Individual Commentary
Commentary by
David Brown

One issue that perplexed the early church was why, if Jesus really was the fulfilment of the Hebrew scriptures (as they believed), his own people rejected him. This episode offers one explanation: those closest to something are often unable to perceive its significance. Indeed, in Mark 6:4 we find a popular proverb being quoted to that effect: ‘[a] prophet is not without honour, except in his own country’. Meanwhile the previous verse indicates that it is precisely because the people know Jesus’s family well that they doubt that he could have any larger importance. The result is that in Nazareth Jesus ‘could do no mighty work’ (v.5).

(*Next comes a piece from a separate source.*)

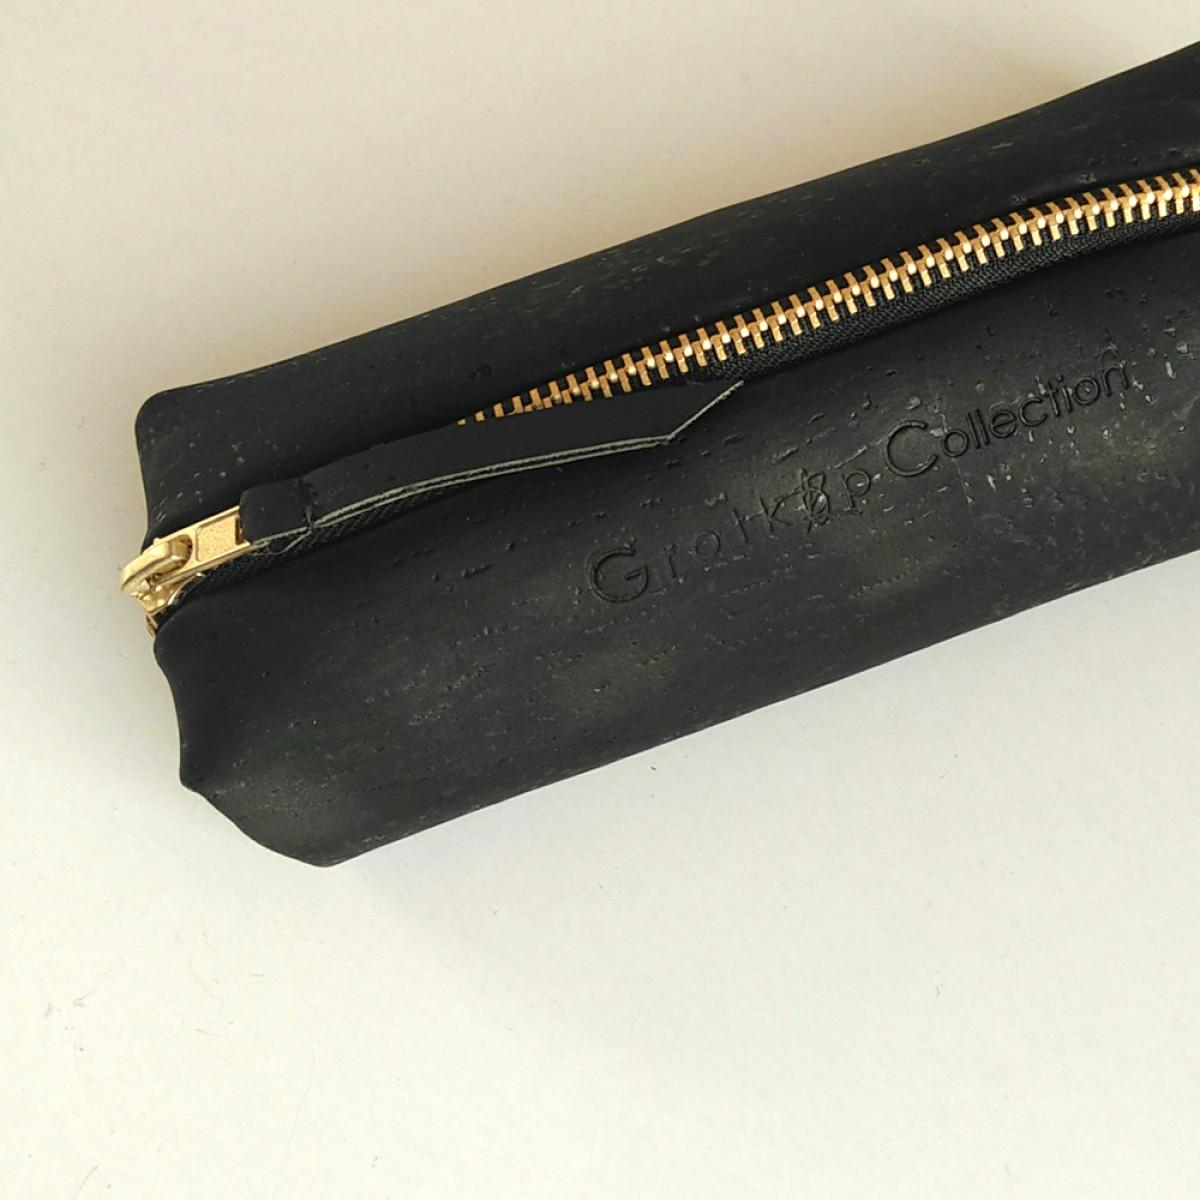 Grotkop Collection Kosmetiktasche AIR black kork
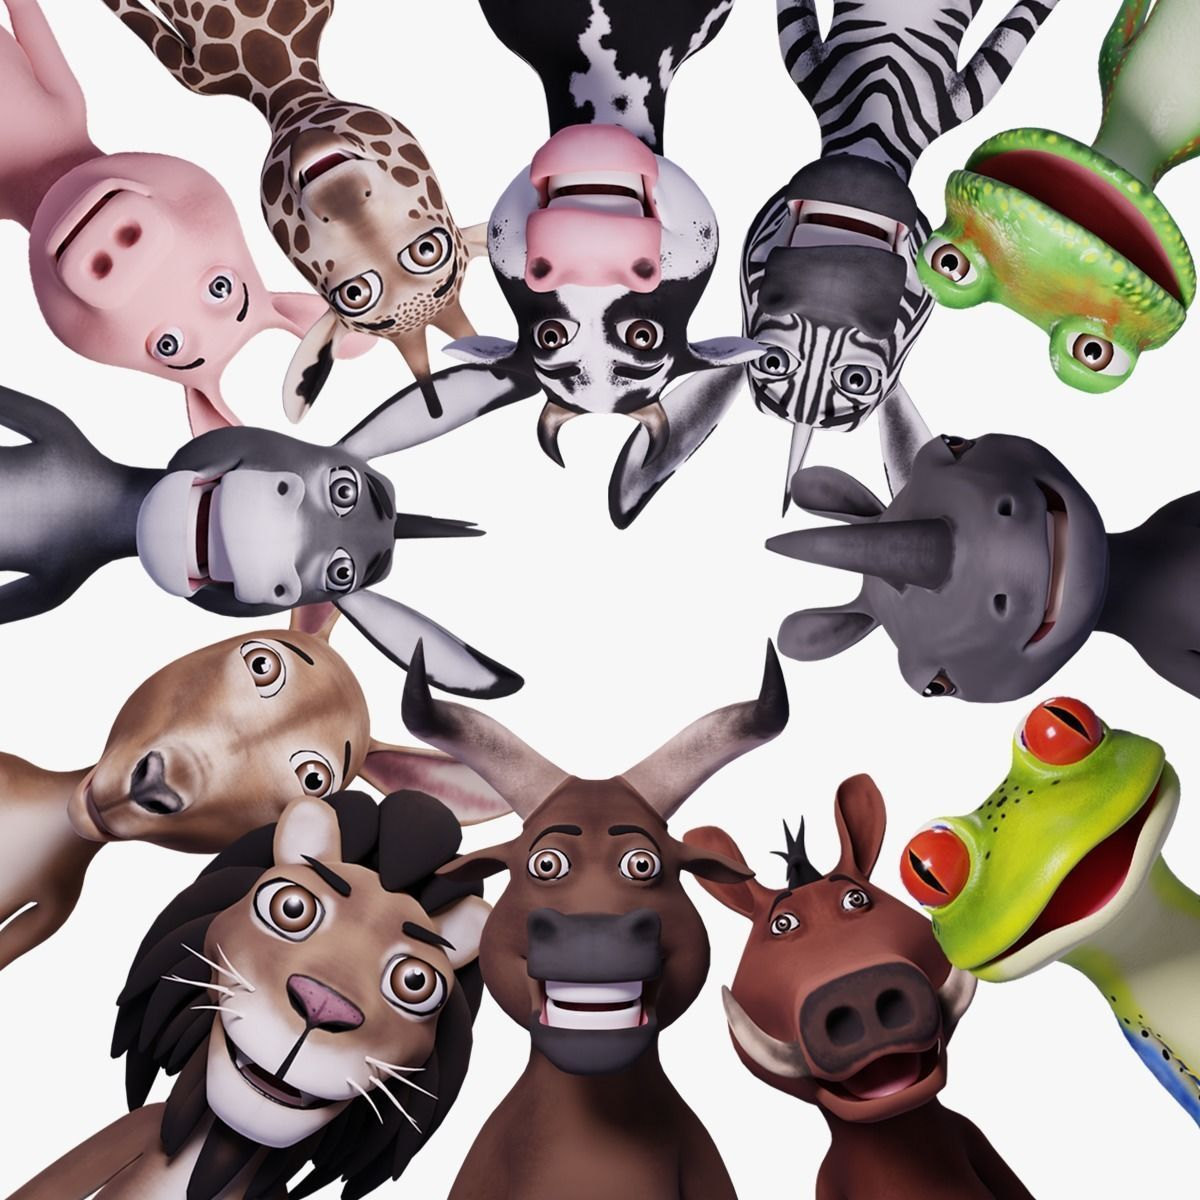 Toon Humanoid Animals Ultimate Vol 1

Nathan Coley’s (b. 1967) installation There will be no Miracles Here (2007–9) now stands prominently in the grounds of the Scottish Gallery of Modern Art (Modern Two) in Edinburgh. Its inspiration came from a situation at the opposite extreme to that envisaged in Mark: too many miracles. This radiant announcement echoes and subverts a seventeenth-century royal proclamation aimed at curtailing the stream of pilgrims to the French village of Modseine which had laid claim to frequent miracles. These claims were to stop, by order of the King.

Yet at another level the Gospel proclamation and this royal announcement address situations not all that different. Both are managing expectations. If the authorities in France feared losing control of a situation of heightened religious excitement, the Gospel feels the need to offer an explanation of an anomalous situation that is its concern: why was Jesus rejected in his home town? Why was there no ‘mighty work’?

In an earlier work, the Lamp of Sacrifice (2004), Coley recreated 286 places of worship in Edinburgh in cardboard. The artist’s title alludes to John Ruskin’s positive view of Christianity laid out in The Seven Lamps of Architecture (published 1849). However, the presentation of churches in this way probably raised questions for a general viewer. What was the value of what was being presented?

Similarly, in the absence of any background knowledge, viewers are interrogated about the status of the statement ‘There are no miracles here’. They must decide for themselves what the meaning and legitimacy of such a declaration might be.

 

References

Morrison, Ewan. 2017. Nathan Coley (Edinburgh: National Galleries of Scotland)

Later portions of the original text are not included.